Maya was napping in her room as I sat on our bed and got the call from our agency. It was our first true heartbreak in our adoption process, a fact for which I will always be incredibly grateful. A failed match is hard to process; Michael and I kept saying to each other, “This is what you want, you want a mom and son to be together.” And yet we had to grieve the loss of a member of our family we imagined and planned for and would never meet. (Of course, we did end up meeting Little Man seven months later — and again thought we would be able to adopt him, and again were heartbroken when that decision changed.) Your head knows it’s the right thing (if it’s safe for everyone involved, which it isn’t always and wasn’t in Little Man’s case, but luckily we didn’t know that at the time), but your heart is broken for what never was.
That day when our hearts were feeling bruised and sad, we decided that the best thing to do would be to go get margaritas a few blocks from our house. It was April and hot out already and Maya was wearing a sundress my mom had made her. We laughed and cried and processed and grieved — and thank God for strong margaritas in a case like that!
My editor, Vicky, asked me if I could sum up what it feels like to have a failed match and I’ve been thinking about that ever since. I had to find a way to express it a little more succinctly for the purpose of the ParentMap article, but if I’d had more room I would have tried to explain this: a failed match feels like your heart has dropped out of your body.

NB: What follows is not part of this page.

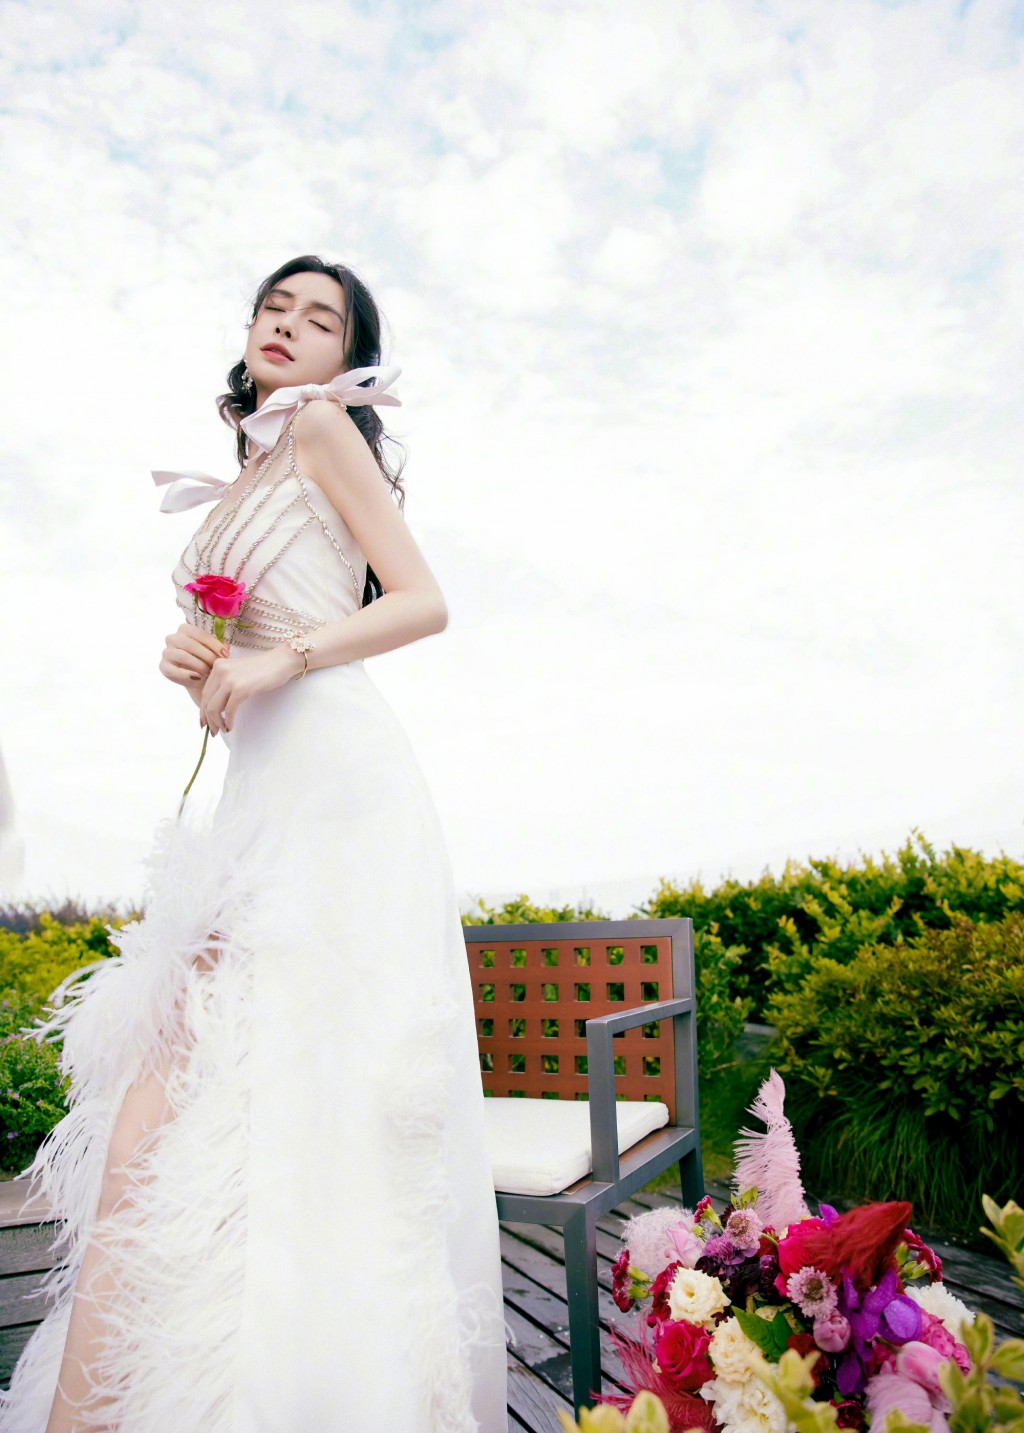 angelababy白色高定礼服精致优雅浪漫格调写真图片

It feels like the worst thing that could have happened did happen. But counterintuitively, there’s a huge strength to be found in surviving what you think is the worst thing that could happen. I didn’t think I was strong enough to cope with the sadness of not holding a baby I envisioned for weeks, but I am, and I’m grateful for that silver lining.
I’d also explain that a failed match feels very different with time. In retrospect, we know that the children who didn’t end up with us weren’t meant to be our children. We hope we played a role in their lives through fostering them, or maybe we played a role in their moms’ lives, giving them a plan that gave them a modicum of peace in a crisis, but they weren’t meant to join our family forever. Failed matches, in the months afterward, feel more like a missed connection than a loss.
The hardest thing about experiencing a failed match was trying to hold onto hope in future adoptive situations. But as I mentioned in the article, we owed it to whoever was going to be our child in the months or years to come to hold onto hope that he was out there. We owed it to Noah to be able to tell him that we were so excited about his arrival — not that we were so fearful of it falling through that we didn’t give ourselves the opportunity to dream of his little self.
It was a rollercoaster eight months of Little Man, then Baby J, then Little Man again, then another failed infant situation that fell apart on New Year’s Eve. I think we were fueled entirely by adrenaline and tacos (and let’s be honest, a few margaritas). But I’m so glad we were able to continue to hope with every situation that whoever was meant to make us a family of four would find us, and in the meantime, we would just keep saying yes without fear of our own sadness.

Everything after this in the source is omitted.